The Treasury is further targeting Sh559.9 billion from appropriations-in-aid — revenues collected by various Government Ministries, Departments and Agencies (MDAs) when discharging services such as charges for processing of passports and, birth and death certificates. This is a 15.02 percent jump from Sh486.8 billion estimates for current fiscal year.
Total revenues, including appropriations-in-aid, for the 2025-26 financial year are projected at Sh3.32 trillion, a growth of 8.12 percent over Sh3.07 trillion projection for the current year.
That will leave a deficit of Sh876.1 billion which will be funded through Sh591.9 billion domestic borrowing and Sh284.2 billion foreign debt.
Treasury has projected Sh46.9 billion inflows from grants, a drop of 10.84 percent from the Sh52.6 billion estimates for the prevailing year.
As part of revenue mobilisation measures, the Treasury plans to fast-track the long-delayed privatisation programme which are expected to yield Sh149 billion for budgetary support.
The Treasury has singled out KPC as a low-hanging fruit in the 2023 Privatisation Programme which has 11 state-run firms earmarked for sale.
“We are moving quickly and have signed some documents to allow for privatization of KPC to be done. Why we say KPC is ready is because one, its profit making and second, it is already a limited liability company,” Mr Mbadi told the Business Daily in May. “There is talk that if we could offload more of our ownership of Safaricom, where we are likely to get the Sh149 billion through privatization in the 2025/26 financial year.”
KPC is a 100 percent owned by the government, while taxpayers control a 35 percent shareholding in Safaricom worth nearly Sh334.44 billion after selling a 25 percent stake to investors via an initial public offering (IPO) in 2008.
A sale of a 10 percent stake, or about 4.0 million shares, in Safaricom will, for example, yield nearly Sh95.56 billion at prevailing price of Sh23.85 per share on the Nairobi Securities Exchange, and cut Treasury’s stake to 25 percent.
The windfall will even be higher if the shares were sold to a strategic investor, like a private equity firm, who will offer a premium price. KPC, on the other hand, owns a pipeline network, storage and loading facilities for transportation, storage and distribution of petroleum products valued at more than Sh120 billion.
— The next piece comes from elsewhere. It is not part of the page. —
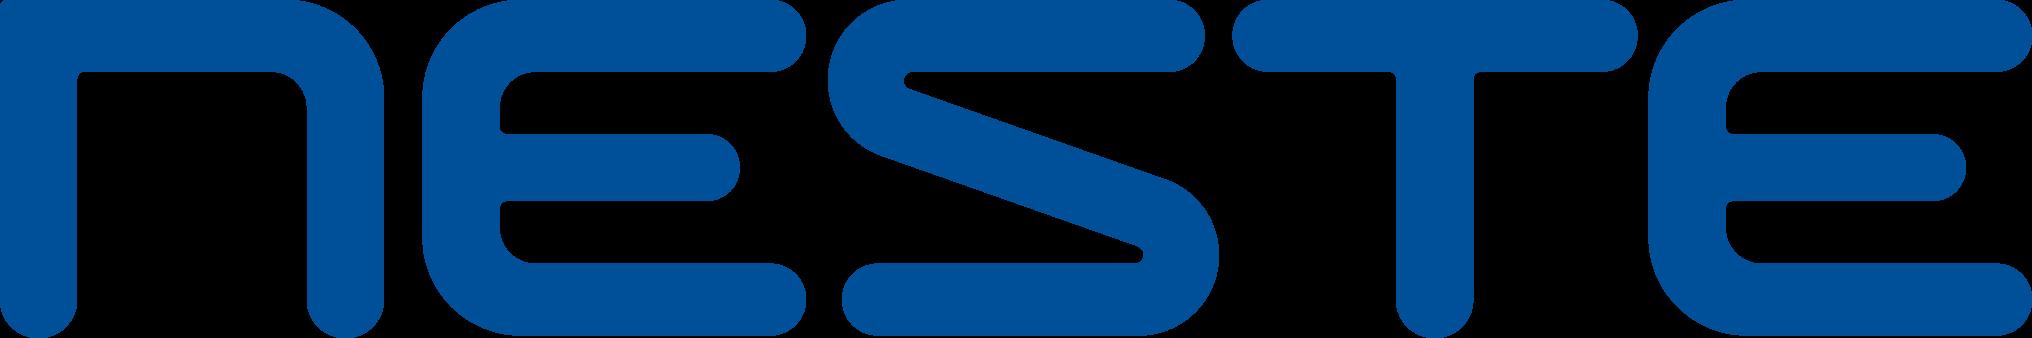 8a635da383c Soodustused - Tallink & Silja Line
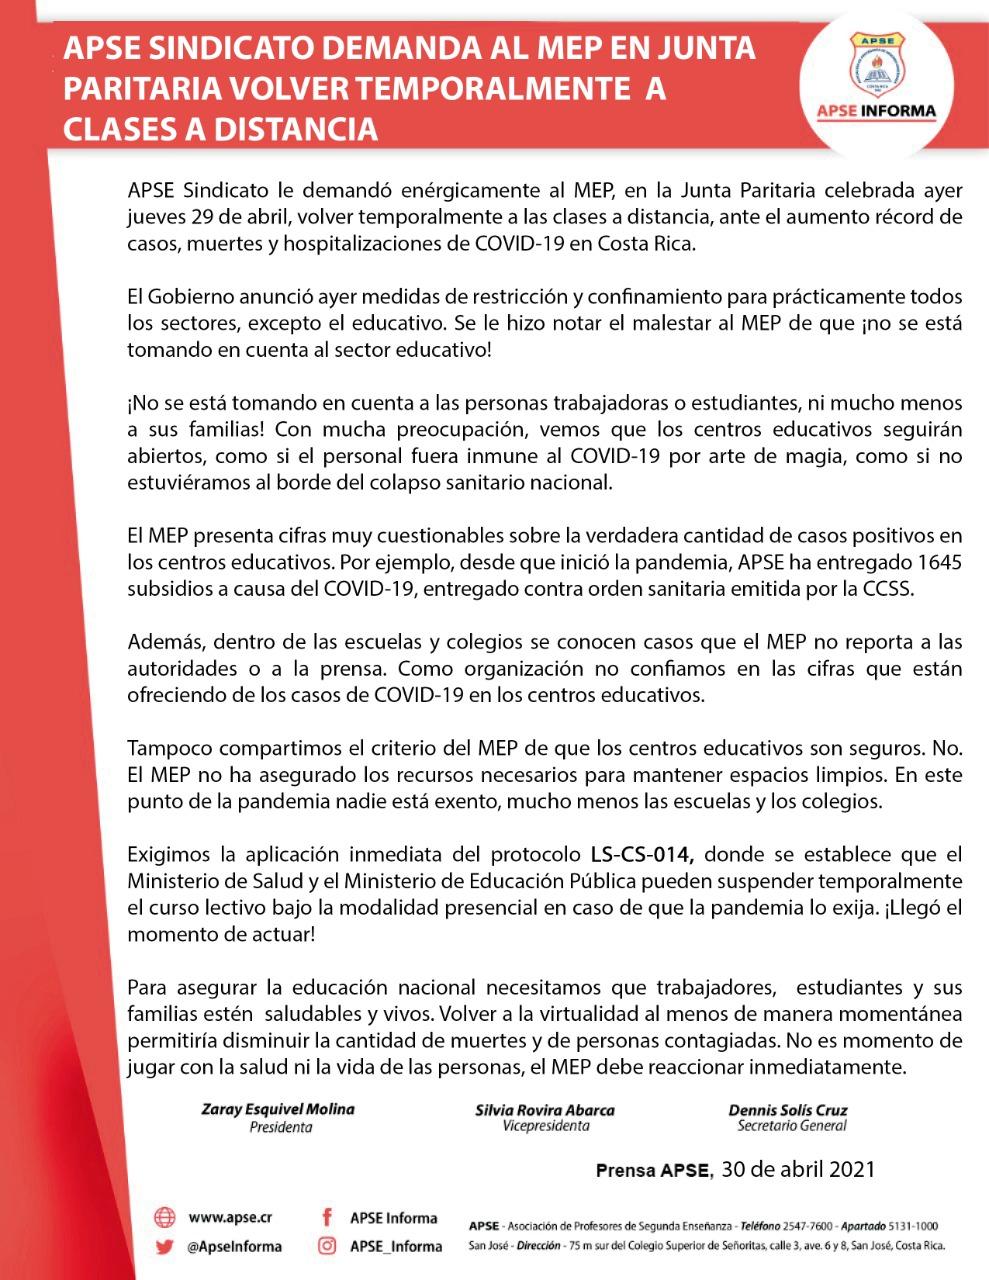 APSE SINDICATO DEMANDA AL MEP EN JUNTA PARITARIA VOLVER TEMPORALMENTE A CLASES A DISTANCIA

The firm’s revenues increased 14.6 percent to Sh35.37 billion in the year ended June 2024 from Sh30.86 billion in the prior year, returning a profit of Sh6.87 billion — a 52.6 percent jump from Sh4.49 billion the previous financial year.
The planned sale of State-Owned Enterprises (SOEs) to private investors has faced a raft of huddles, some which remain unresolved, including determination of court cases.
Some of the firms which were initially lined up to be auctioned to investors are Kenyatta International Convention Centre (KICC), New KCC, National Oil Corporation of Kenya and Kenya Seed Company.
Others are Kenya Vehicle Manufacturers Limited (KVM), Numerical Machining Complex Ltd, Rivatex East Africa, Kenya Literature Bureau, Mwea Rice Mills Ltd and Kenya Literature Bureau.